Ich hoffe, Ihr könnt mir einen Tipp geben. 

Vielen Dank!


----------



## musiKk (24. Mai 2011)

Bei return weiß ich nicht, aber das mit den benannten Parametern sollte eigentlich funktionieren. Sicher, dass der Service auch richtig aktualisiert wurde?


----------



## dunichquatsche (24. Mai 2011)

Hallo musiKk, 

also erstmal cool, dass Du antwortest.  

Das Projekt habe ich komplett gelöscht, neu erstellt und auf dem Tomcat deployt. Der PHP - Client lädt sich die WSDL dynamisch über die URL und der soap_cache in der php.ini ist deaktiviert

Ich prüf's aber nachher nochmal nach. 

Danke für Deinen Hinweis!


----------



## fax (25. Mai 2011)

Falls es nicht klappt, kannst du das hier mal noch probieren:
JAX-WS RI 2.2.1 -- WSDL Customization

Könnte aber gut sein, dass sich das (auch) nur auf die Namen im erzeugten WSDL bezieht.


----------



## dunichquatsche (25. Mai 2011)

Also erstmal vielen Dank Euch beiden für Eure Unterstützung! 

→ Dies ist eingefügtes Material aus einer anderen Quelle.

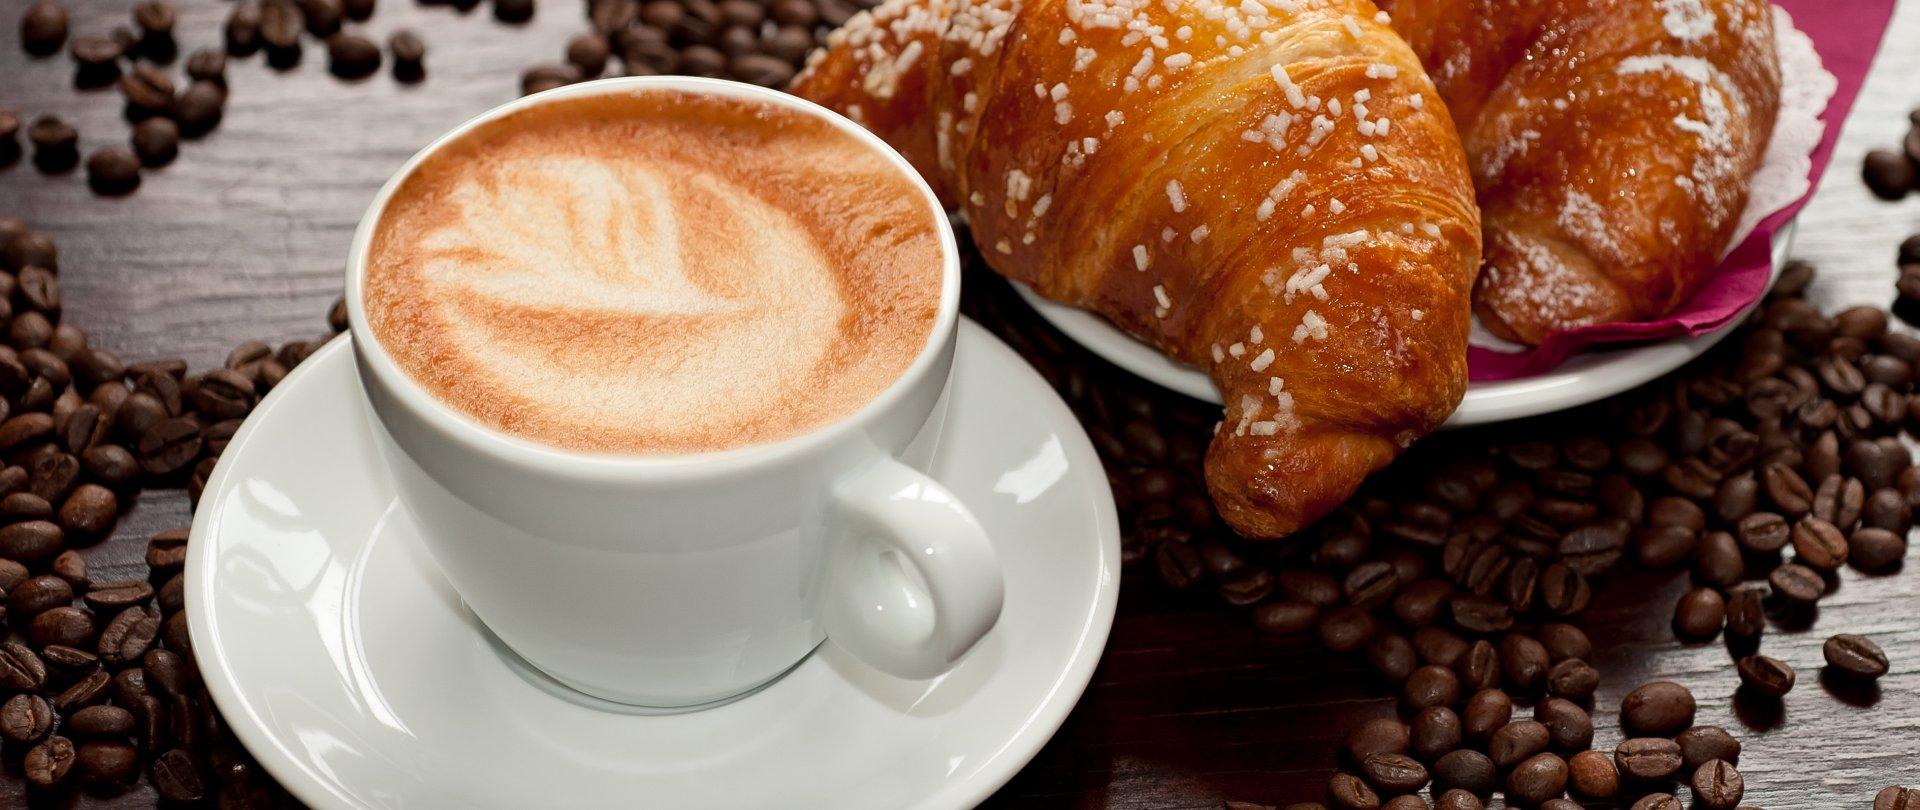 Angebot mit  Frühstück

Nach langem Suchen und verzweifeltem Debuggen von JAX-WS ist mir dabei etwas aufgefallen. 

Der Hinweis mit dem Caching geht schonmal 50% in die richtige Richtung. 

Das Problem ist, dass der Wizard (MyEclipse 8.6), der den Webservice generiert die Annotierungen @WebResult und @WebParam in der Implemetierungsklasse und dem Service - Interface ignoriert. 

Als Ergebnis der Generierung erhält man eine Delegate - Klasse. Wenn ich dieses Delegate entsprechend meinen Vorstellungen annotiere, dann funktioniert das auch. Das Problem ist nur, dass das annotierte Delegate beim neu generieren wieder überschrieben wird. Das heisst, ich muss erst das Delegate sichern, den Webservice erzeugen, damit die entsprechenden Artefakte wie Response - Objekte erzeugt werden und danach wieder mein ursprüngliches Delegate wieder in des Projekt einfügen und danach erst auf dem Server deployen. :autsch:

Wenn man nicht so vorgeht, dann erhält man die folgende Exception !!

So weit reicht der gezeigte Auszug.